Two, is simply, you do not need to clear snow from your driveway. (GASP!) Your city might require that you remove snow from the sidewalk, but forget the driveway!

I have spent many an evening being sure mine was clear and clean down to the concrete... aching back, sore muscles, frozen nose and numb fingers and toes. But that driveway was "CLEAR AND CLEAN".









One of the reasons I kept that driveway clear was so when the "time" came, I could wisk my beautiful wife off to the hospital to deliver the future showshovelers I was getting... but by the time they were big enough to do some good with a shovel, they seemed to always have extra homework and could not help me to do the time honored task of keeping the driveway clear... thus I was stuck doing it alone most of the time anyway.

Then they got married and moved far enough away to not be able to do it for me and I was still on my own.

I now live in a house with a bit longer of a driveway and when I moved in, I was still in the mode of keeping my driveway pristine... I was even complimented by my new neighbors on how I was keeping my driveway clear... and this driveway is difficult to shovel... it is between my house and the neighbor's and for that distance there is no place to put the snow to the sides! I have to move iit fully to one end and then shovel it off to the side... hard work and it takes a long time.
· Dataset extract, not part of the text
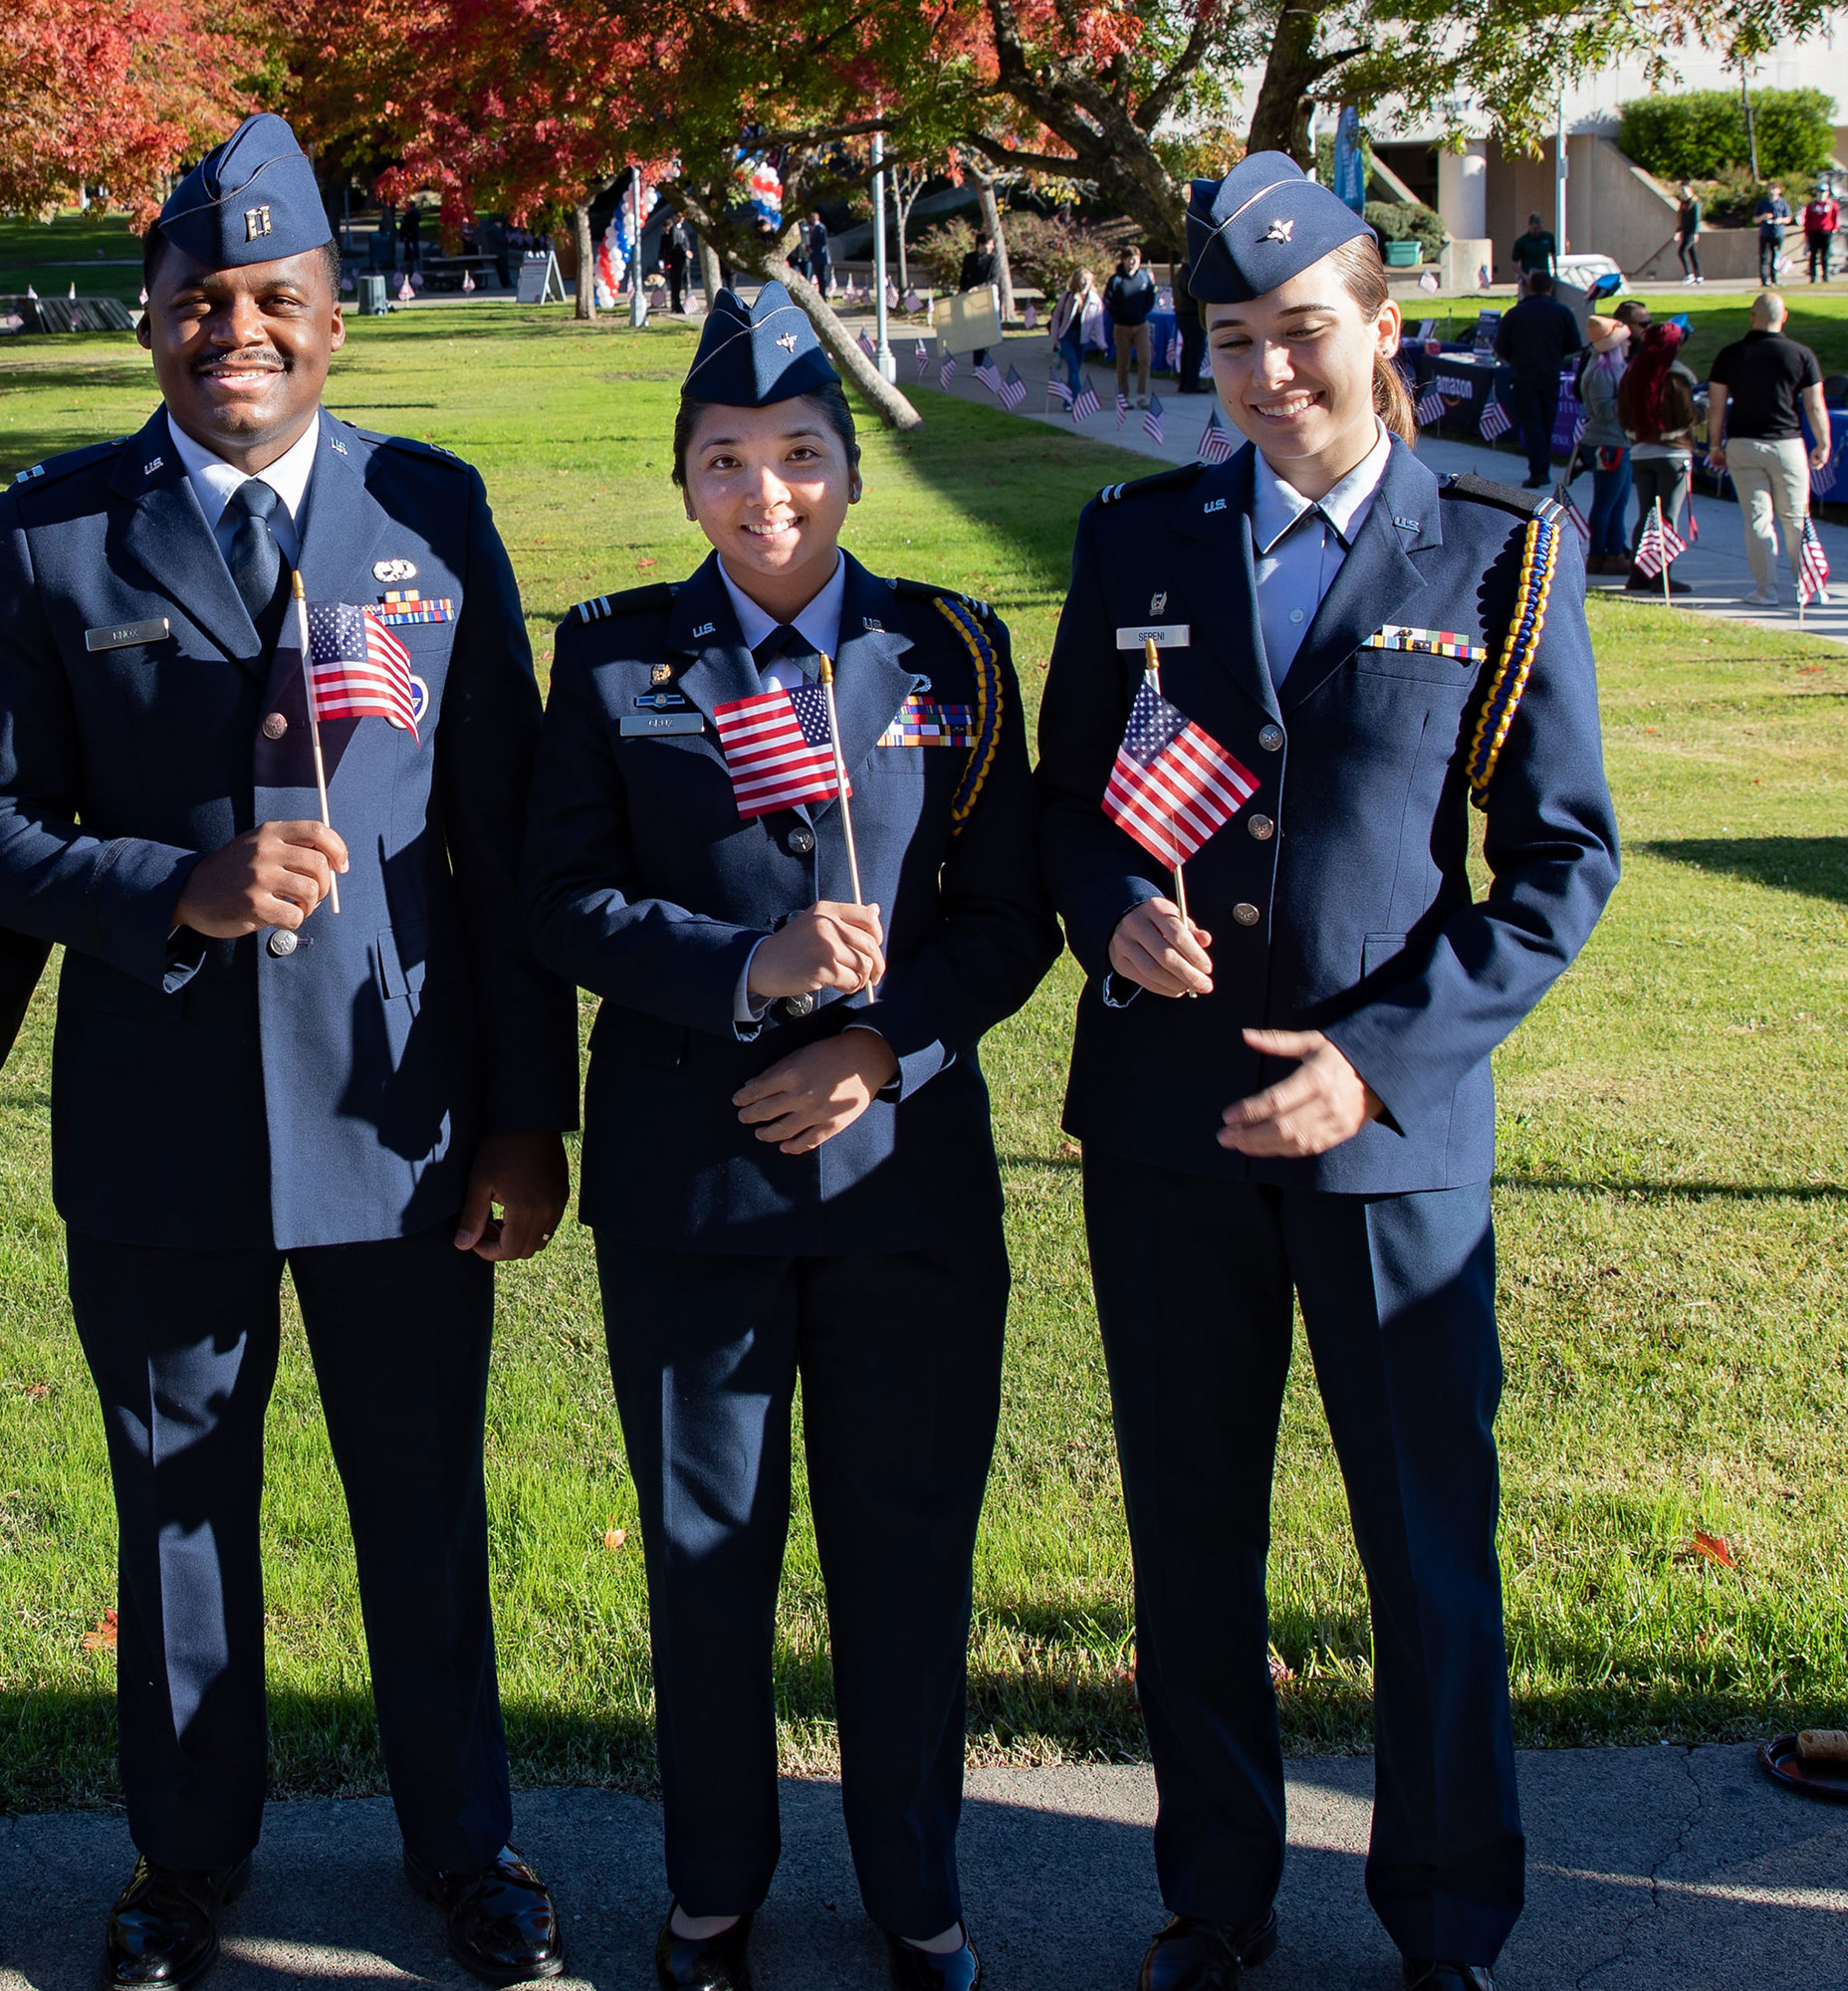 Military personnel attendees at Sierra College Veterans Day ceremony on Rocklin Campus

I have tried a couple of different snow blowers and only the larger ones can actually blow the snow far enough that I don't have to process it two or three times before it is out of the way and it still takes about as long to do it as doing so with the shovel. Beside my aversion to purchasing something that expensive just to be used two or three times per year, I have more hatred for these mechanical contrivances than I do the snow... I spend more time trying to get the acursed thing to actually start than I spend using it. When I am done, I am just as cold as doing the work with a shovel, but I have the added burden of being exhausted from getting it started and then having to push it around (even the ones with the power to the wheels require some manhandling to position it... and then there is the constant and difficult fiddling with the discharge shoot that has frozen in the wrong position!).

Then one day at work I hyperextended my knee (bent it backwards) while walking down the hallway... dunno how it happened, but it left an injury inside the knee that creates extreme pain at random times when I least expect it and usually it occurs when when I am pushing some contrivance (lawn mower, snowblower, even a shopping cart), so I now have to hire my lawn to be mowed or if I want to clear snow from my driveway. (I have to really take my time shopping if I buy enough that I have to use a cart.)

Shoveling also hurts sometimes but not as often as pushing a snow blower.


I have TRIED to hire the neighborhood kids to shovel my drive and walks, but they are not much different than my kids were and so far, no amount of cash will gain their attention.









So now, since the city REQUIRES that sidewalks be shoveled within 48 hours of a snowfall, I go out and and make a one shovel's width swath for that 40 ft, and then attack the section of the "Cascade Range" that the city delivers to the end of my driveway via the road plows. I spend a couple more minutes clearing about a shovel's width from in front of the garage door and I am done shoveling.









I drive my car the length of the driveway and have no problem at all. Last week there was a bit over a foot of snow on the driveway, plus some drifting to about 2-ft deep at a couple of places. No problems at all. Just take it slow and deliberate (don't stop and be sure to travel in a very straight line) blazing the initial trail and from then on, the car tends to follow the ruts.


----------



## ThinkerT (Jan 2, 2008)

Aha! So there was some substance to these vague televised rumors of snow I kept hearing about on the east coast! 

Two foot of snow in DC? Wonder if thats enough to shut down the Federal government for a week or so...not that anybody would notice...


----------



## GG (Jan 1, 2009)

Semper, so much do I relate to your quest as it related to having children and in that effort to rid yourself of SNOW driven work. 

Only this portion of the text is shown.